■ **TASK DIRECTIONS**
Write out exactly, and only, the lines below from the line with "Blackthorn's Botanical Magic: The" through the line with "by Amy Blackthorn AUTHOR"; pictures do not belong in the copy.

■ **DATASET EXCERPTS**
##############################

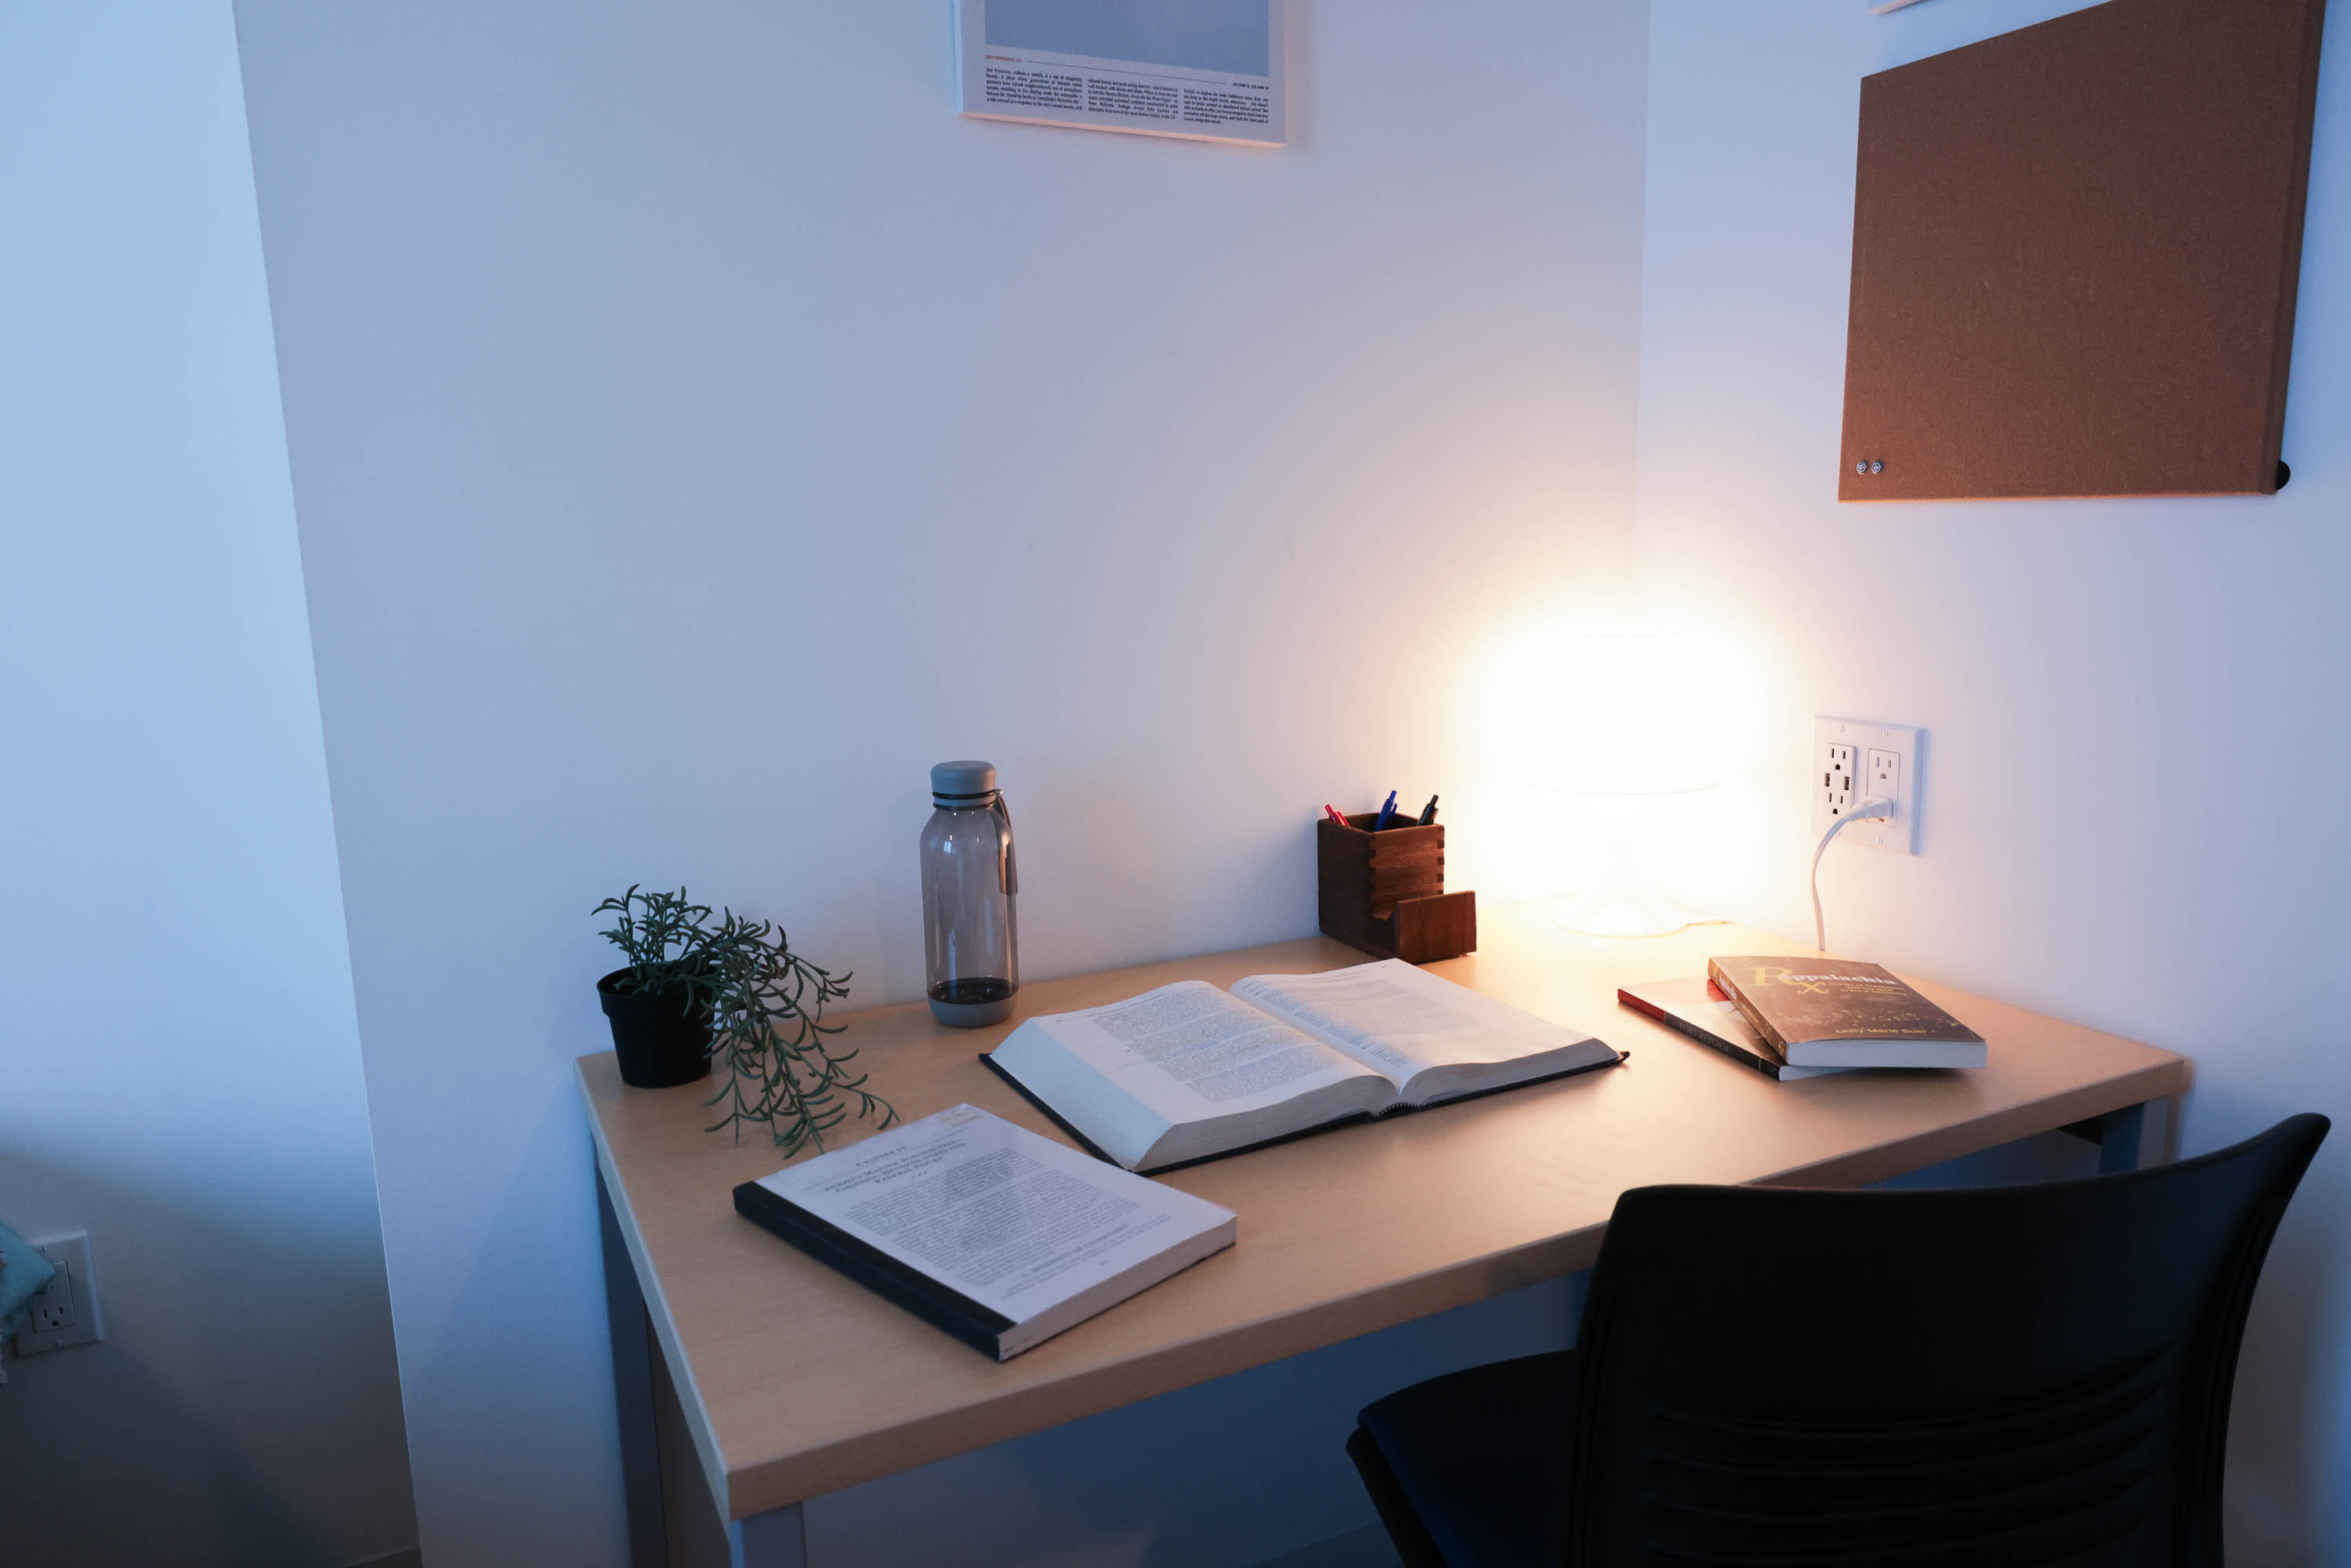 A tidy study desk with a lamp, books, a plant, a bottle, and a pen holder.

##############################

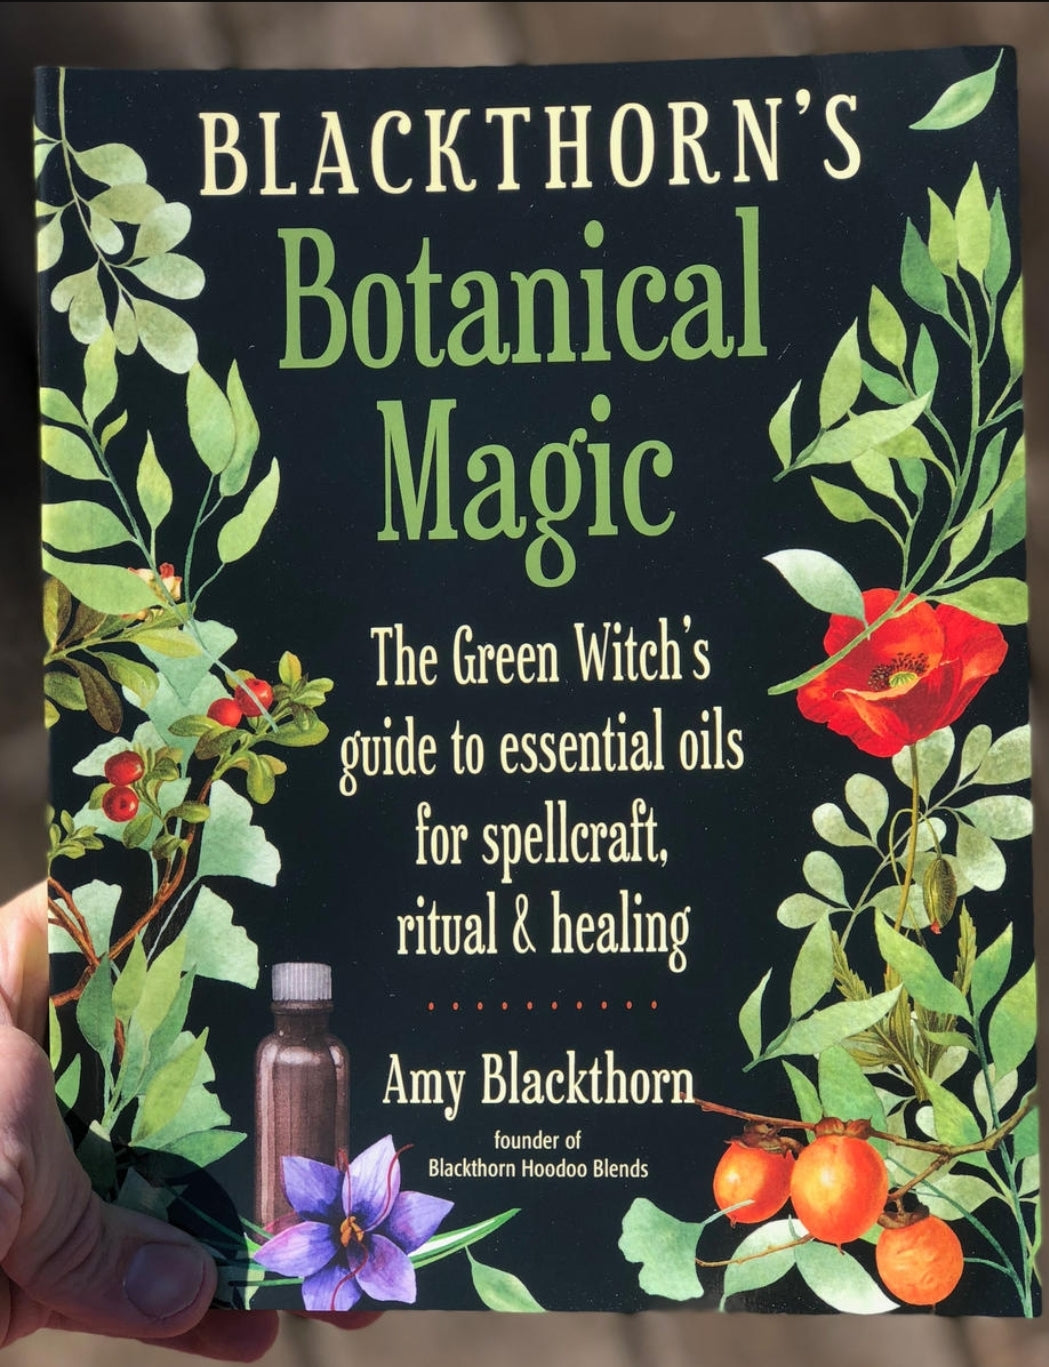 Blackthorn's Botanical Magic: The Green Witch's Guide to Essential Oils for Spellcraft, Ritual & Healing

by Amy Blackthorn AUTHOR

##############################

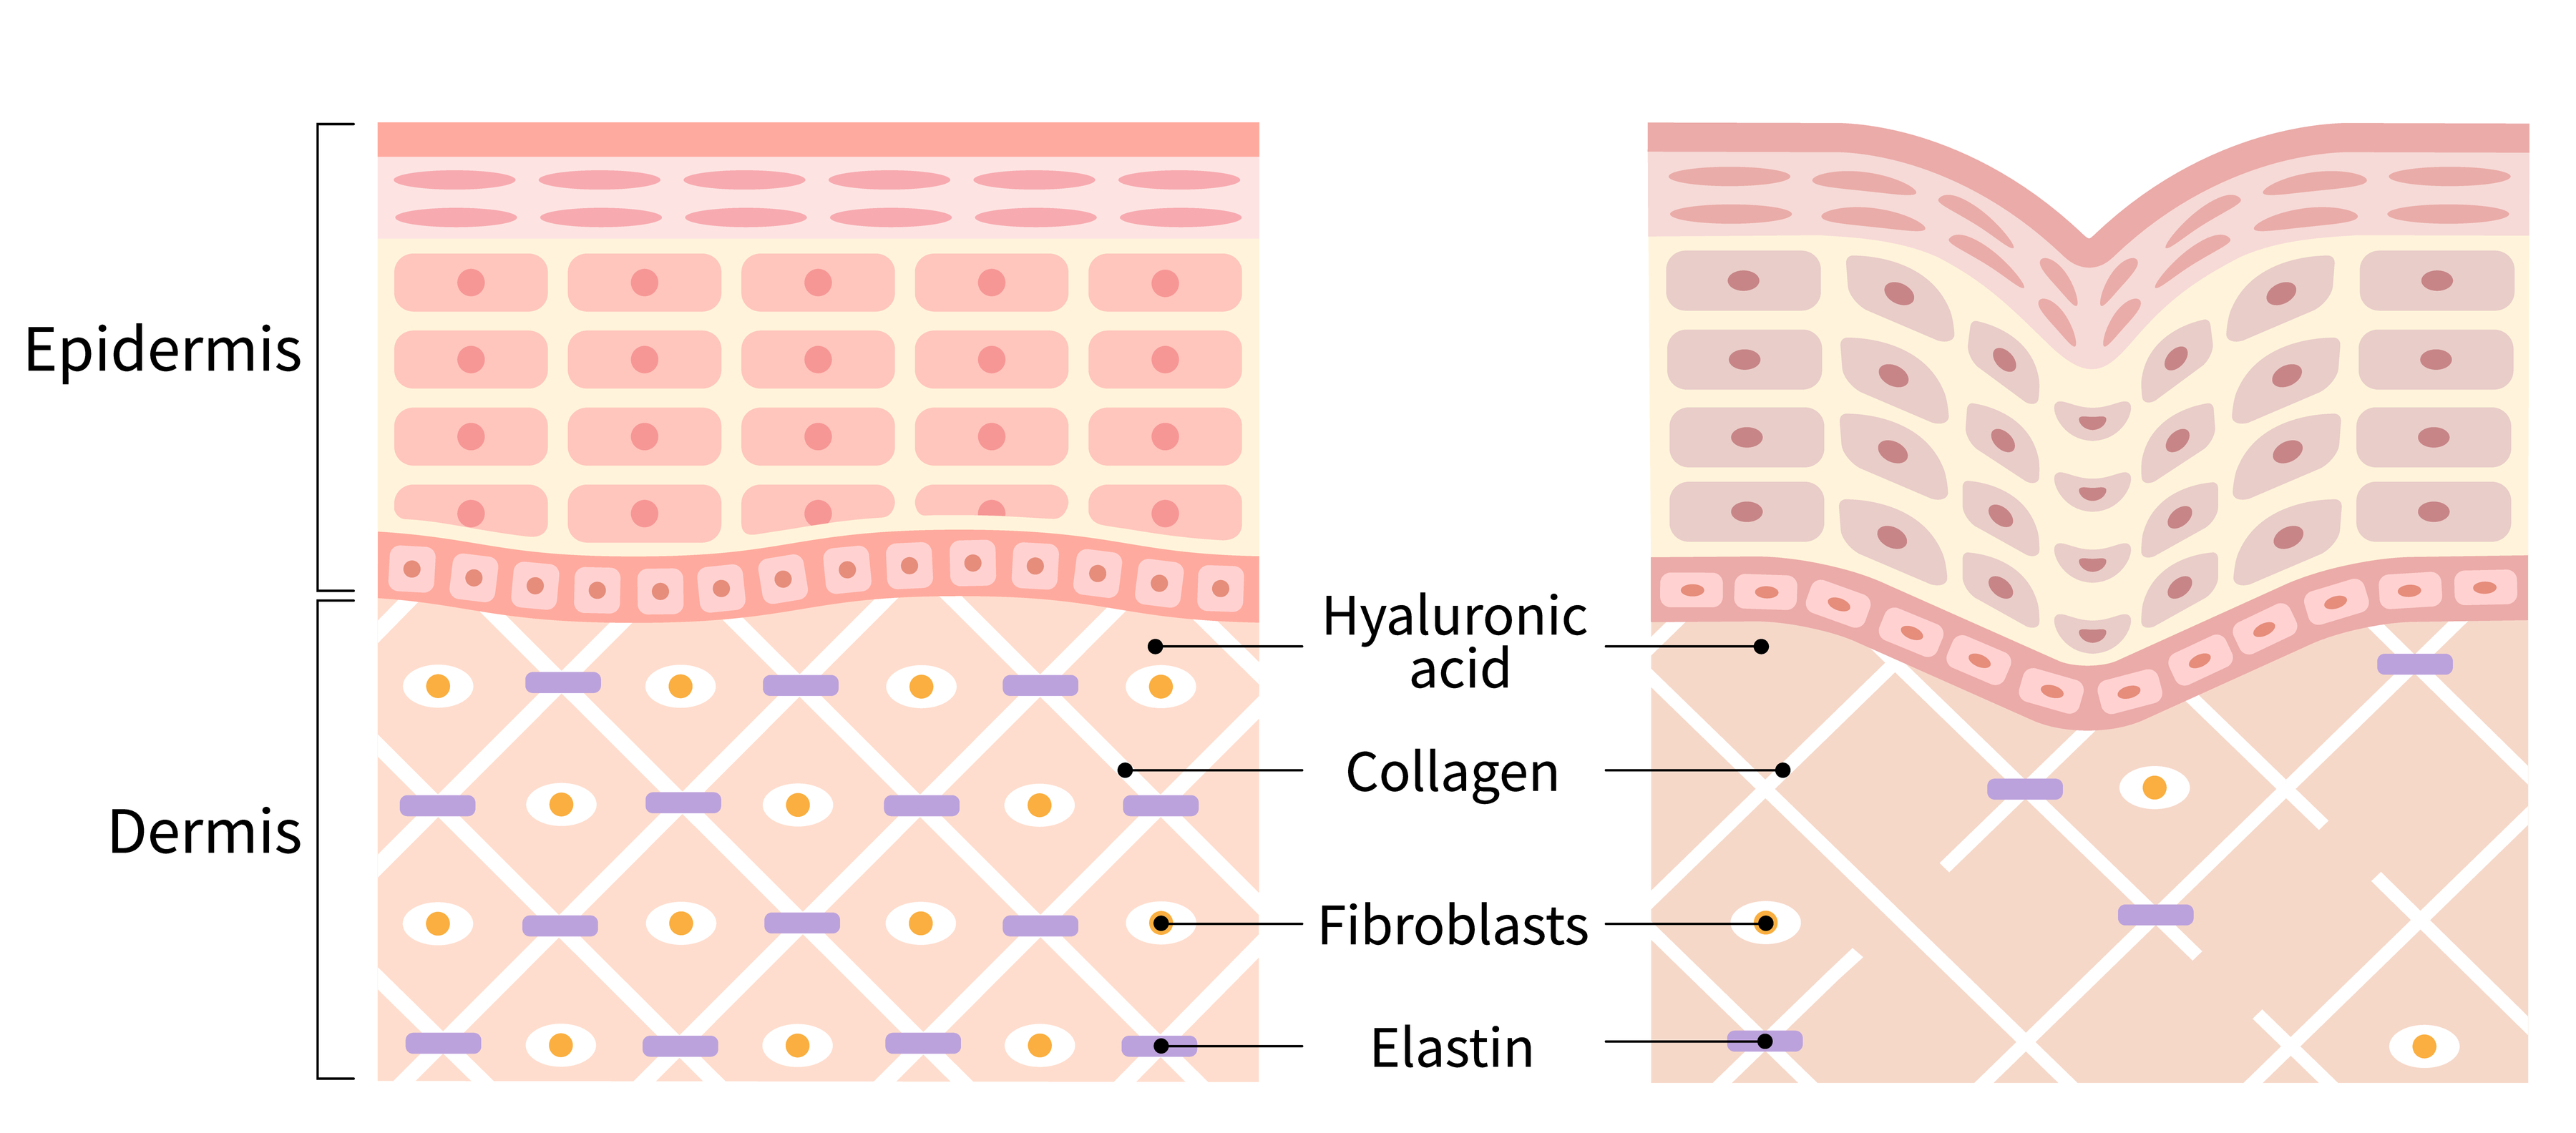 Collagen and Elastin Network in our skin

##############################

■ **EXERCISE OUTPUT**
 Blackthorn's Botanical Magic: The Green Witch's Guide to Essential Oils for Spellcraft, Ritual & Healing

by Amy Blackthorn AUTHOR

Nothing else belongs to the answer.